C. Ecosystems and the variety of social relations

* Thinking in terms of ecosystems: biodiversity as a framework, impact on climate, etc.

* Relationship between semi-natural ecosystems and social relationships. Diversity of ecosystems = diversity of social relationships. Compare once more the peasant struggle against agribusiness. Shepherds: the profession of the future.

=> The general model of agribusiness is put in question, not just capitalist agribusiness.

=> Socialist society is not the result of generalized proletarianization.

 

* The question of alliances. Developing positions on the peasantry, and on “indigenous peoples.”

- A very temporary alliance (1917).

- Lenin 1923: “On Cooperation”, part of a profound renewal of his thinking. A durable, evolving alliance.

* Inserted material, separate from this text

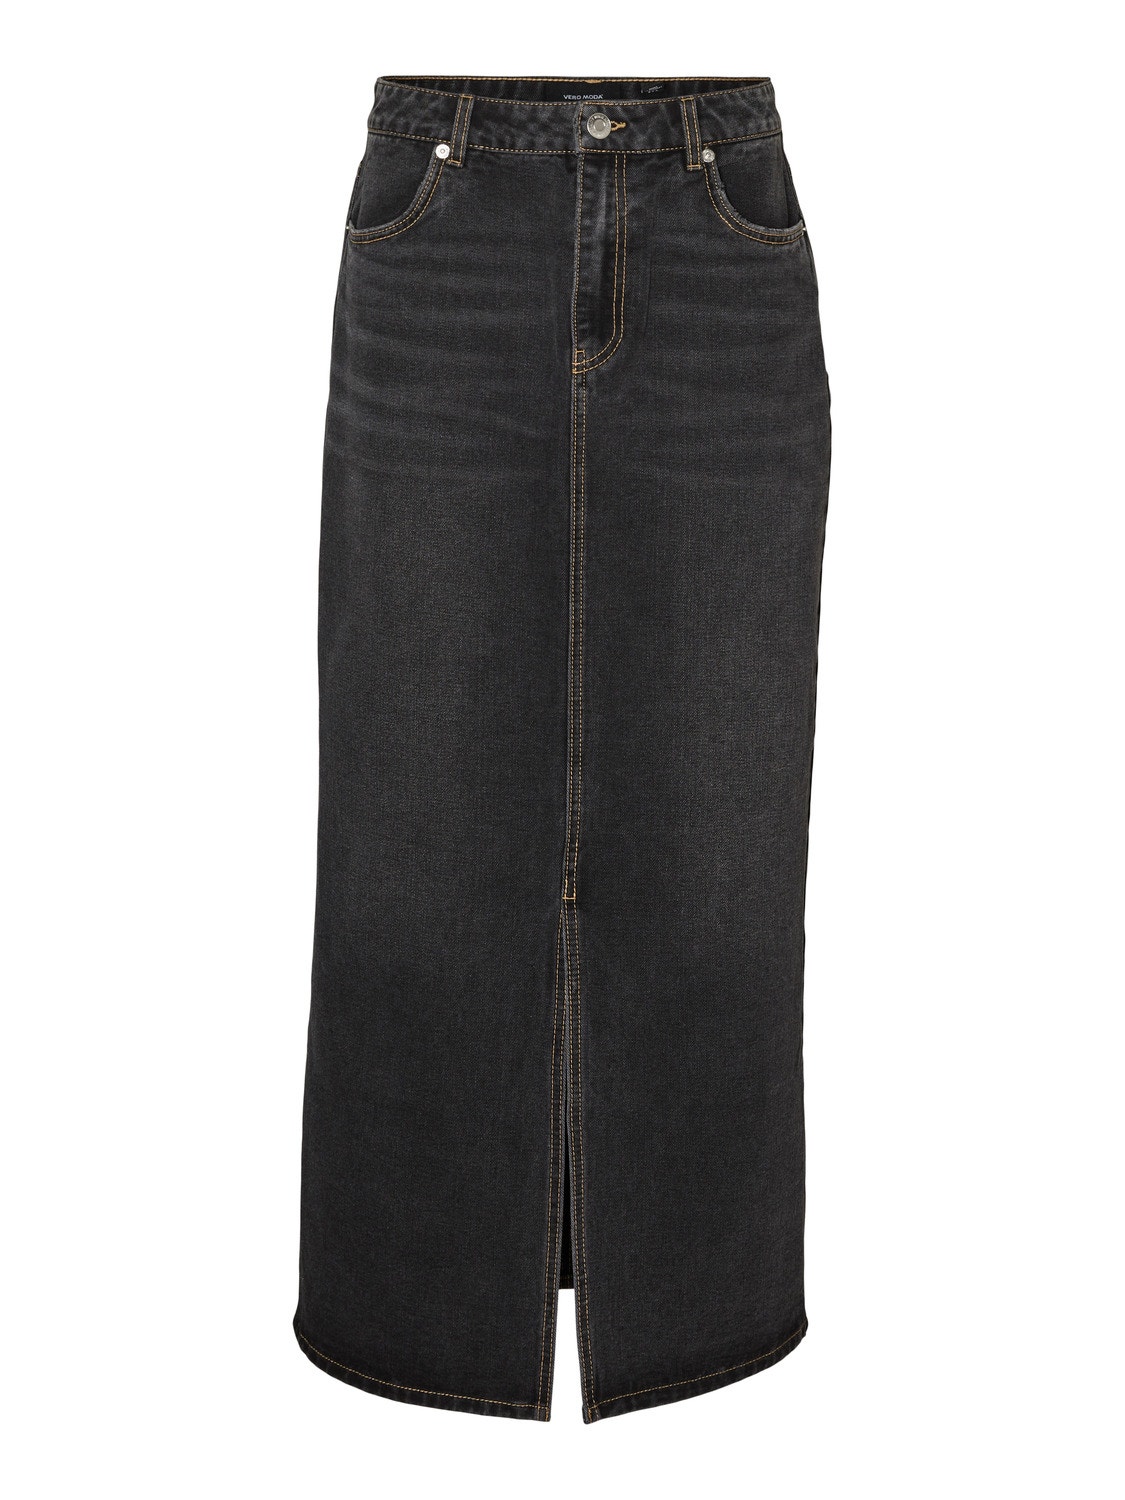 Vero Moda VMKYLE Long Skirt -Dark Grey Denim - 10308404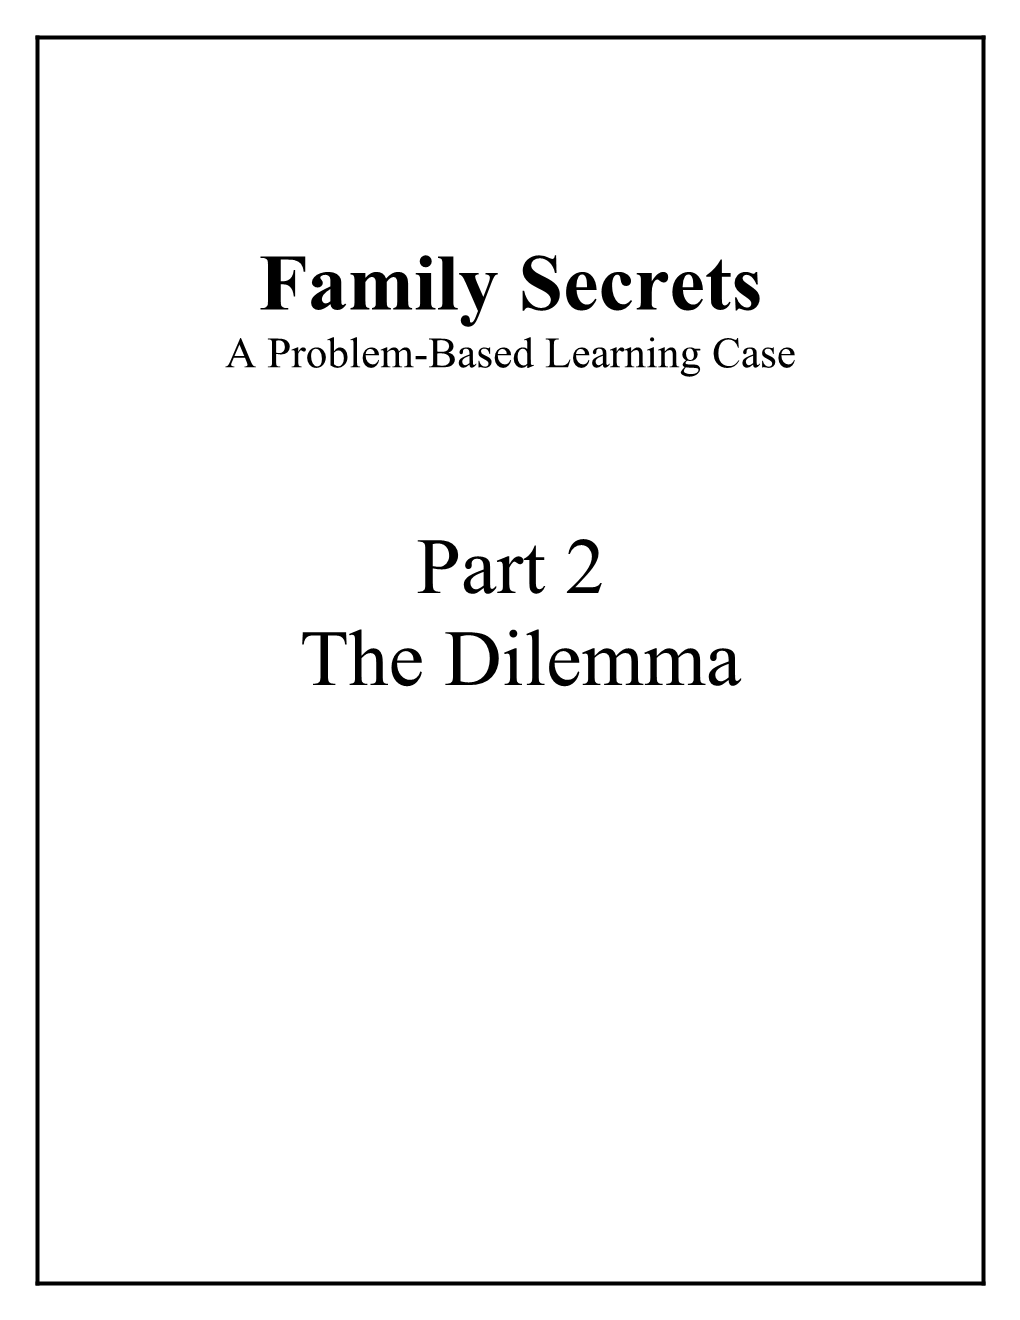 Part 2 Family Secrets

The Chinese and Vietnamese revolutions.

- Today: the place of (transformed) peasantries in the societies of the future.

=> A profound modification of the conception of “modernity”: social relationships that yesterday were considered “doomed by progress” are today considered models for the future.

=> A similar question raised by “indigenous peoples”. Compare a question that I thought of in the past: how to explain the success of the Vietnamese CP among certain highland tribes, and its failure among others? Compare the current case of Mindanao: the link between the RMP-M and the Lumads and its changed orientation after leaving the CPP.

=> For me: issues of alliances must not be seen as a simple tactical (military) necessity. They must be integrated into our thinking about the society we’re fighting for.